Data records:
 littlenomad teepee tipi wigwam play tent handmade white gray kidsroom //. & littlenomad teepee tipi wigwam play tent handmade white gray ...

--

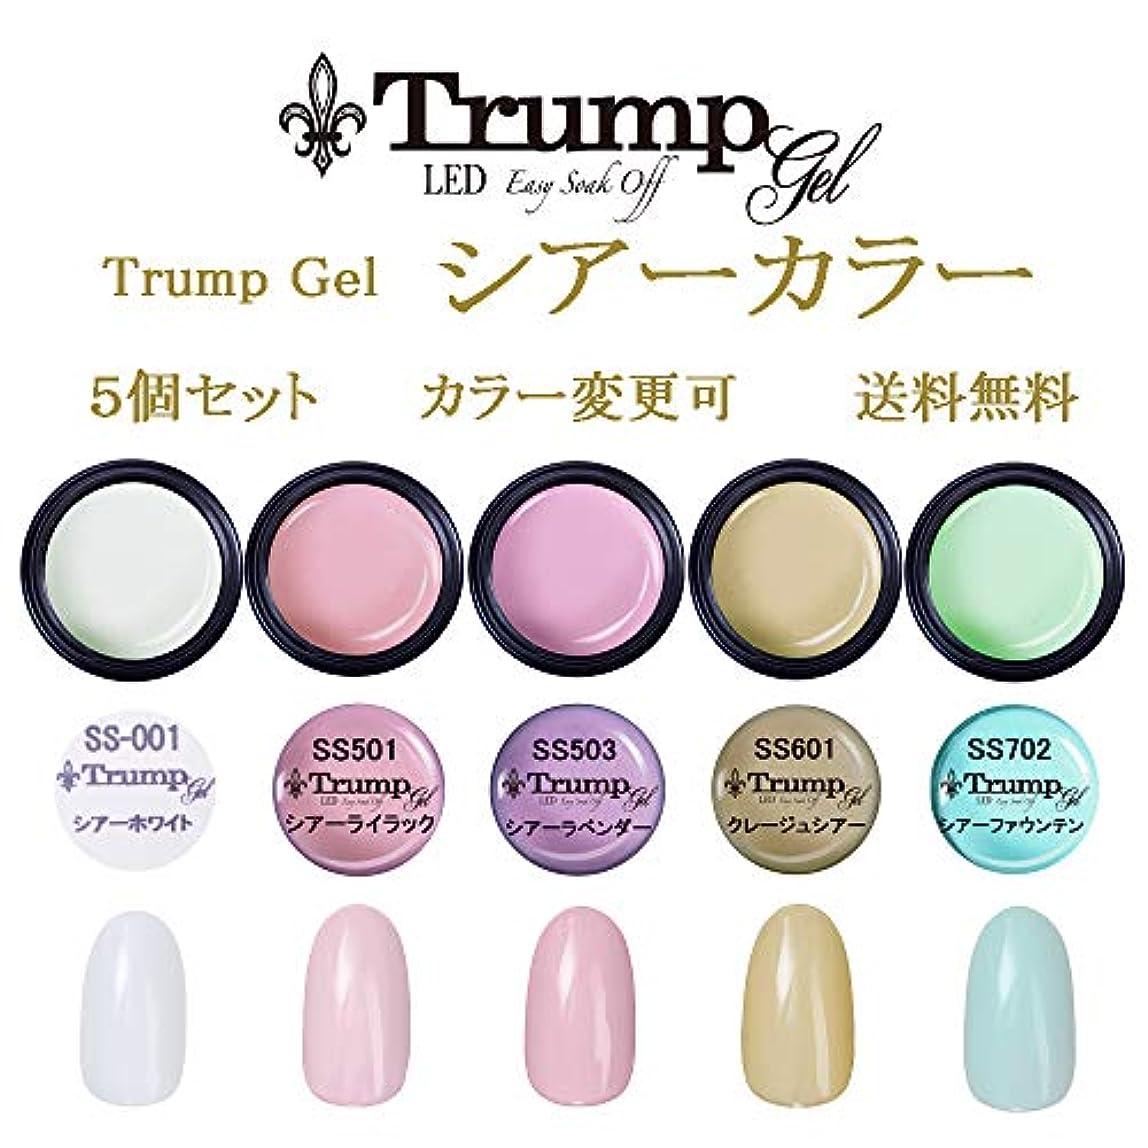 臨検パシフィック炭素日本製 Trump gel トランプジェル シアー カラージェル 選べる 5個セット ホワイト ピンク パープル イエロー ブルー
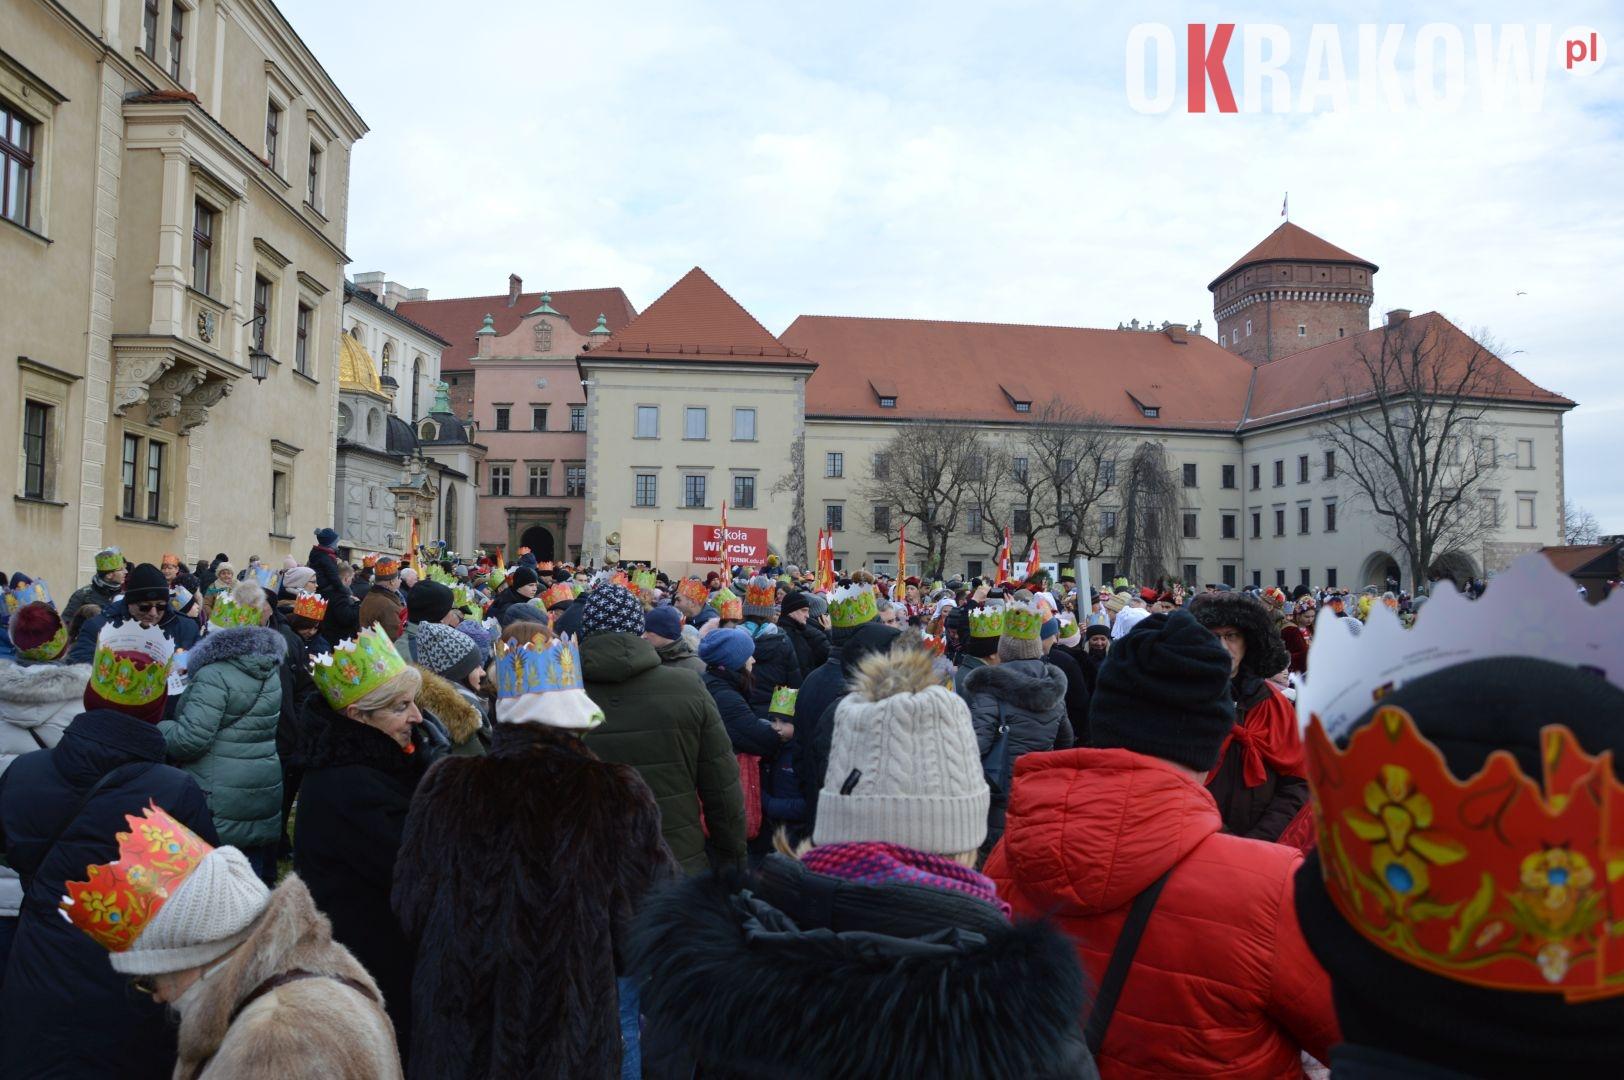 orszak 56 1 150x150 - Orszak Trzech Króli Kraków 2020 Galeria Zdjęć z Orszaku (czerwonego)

Assignment: Only one stretch of the entries above is needed: the lines from the one containing "臨検パシフィック炭素日本製 Trump gel" through the one containing "orszak 56 1". Copy it exactly, without the pictures.

Answer to this problem:
 臨検パシフィック炭素日本製 Trump gel トランプジェル シアー カラージェル 選べる 5個セット ホワイト ピンク パープル イエロー ブルー
 orszak 56 1 150x150 - Orszak Trzech Króli Kraków 2020 Galeria Zdjęć z Orszaku (czerwonego)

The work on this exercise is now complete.